Aristotle's rhetoric: Rhetoric is the art of discovering all available means of persuasion. A speaker supports the probability of a message by logical, ethical, and emotional proofs. Accurate audience analysis results in effective invention, arrangement, style, delivery, and, presumably, memory. (Rhetorical tradition)

Burke's dramatism: Life is drama. The dramatistic pentad of act, scene, agent, agency, and purpose is the critic's tool to discover a speaker's motives. The ultimate motive of rhetoric is the purging of guilt. Without audience identification with the speaker, there is no persuasion. (Rhetorical and semiotic traditions)

Fisher's narrative paradigm: People are storytelling animals; almost all forms of human communication are fundamentally narrative. Listeners judge a story by whether it hangs together and rings true with the values of an ideal audience. Thus, narrative rationality is a matter of coherence and fidelity. (Rhetorical tradition)

Mass Communication

Barthes' semiotics: The significant visual sign systems of a culture affirm the status quo by suggesting that the world as it is today is natural, inevitable, and eternal. Mythmakers do this by co-opting neutral denotative signs to become signifiers without historical grounding in second-order connotative semiotic systems. (Semiotic tradition)

Hall's cultural studies: The mass media function to maintain the ideology of those who already have power. Corporately controlled media provide the dominant discourse of the day that frames interpretation of events. Critics should seek not only to interpret culture, but to change it. Media audiences do have the capacity to resist hegemonic influence. (Critical tradition)

Gerbner's cultivation theory: Television has become society's storyteller. Heavy television viewers see a vast quantity of dramatic violence, which cultivates an exaggerated belief in a mean and scary world.
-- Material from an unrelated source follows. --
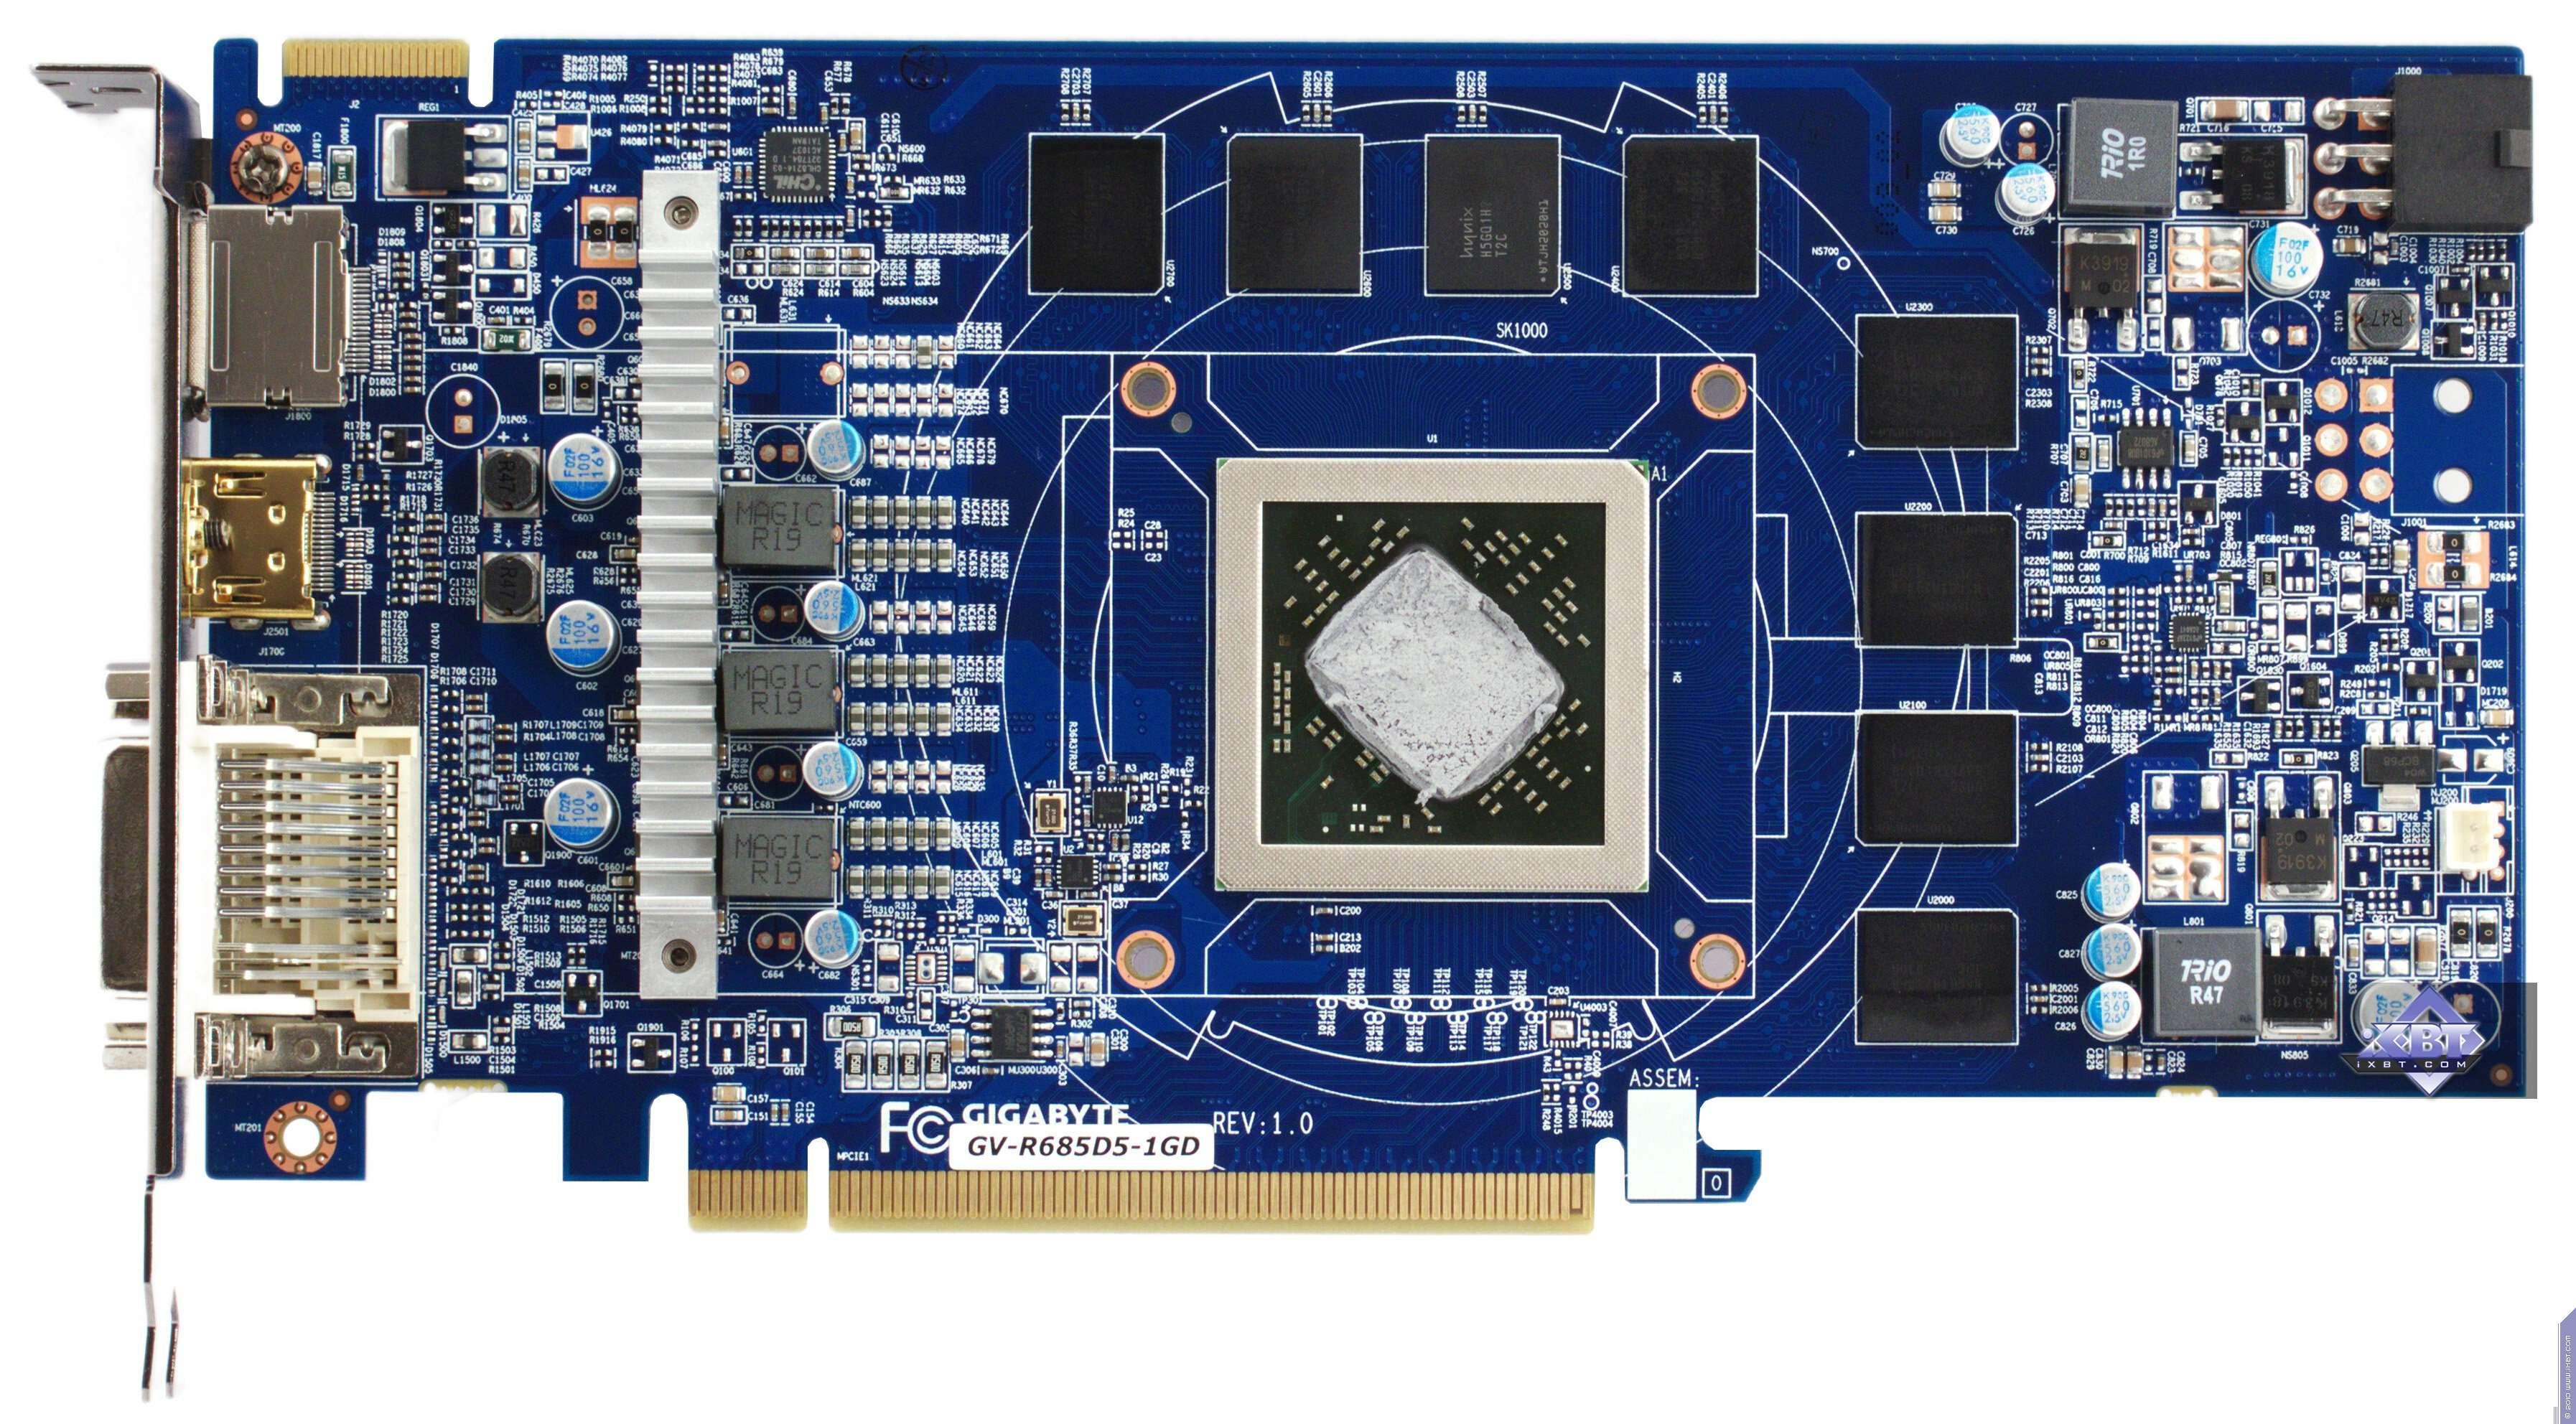 Gigabyte GV-R685D5-1GD Driver for Mac Download

Mainstreaming and resonance are two of the processes that create a homogeneous and fearful populace. (Sociocultural and socio-psychological traditions)

McCombs and Shaw's agenda-setting theory: The media tell us (1) what to think about, and (2) how to think about it. The first process (agenda setting) transfers the salience of items on their news agenda to our agenda. The second process (framing) transfers the salience of selected attributes to prominence among the pictures in our heads. (Socio-psychological tradition)

Noelle-Neumann's spiral of silence: People live in perpetual fear of isolating themselves and carefully monitor public opinion to see which views are acceptable. When their opinions appear out of favor, they keep silent. Television's constant repetition of a single point of view biases perception of public opinion and accelerates the spiral of silence. (Socio-psychological tradition)

Cultural Context

Gudykunst's anxiety/uncertainty management theory: Intergroup encounters are characterized by high levels of uncertainty and anxiety, especially when cultural variability is high. Effective communication is made possible by our ability to mindfully manage our anxiety and reduce our uncertainty about ourselves and the people with whom we are communicating. (Socio-psychological tradition)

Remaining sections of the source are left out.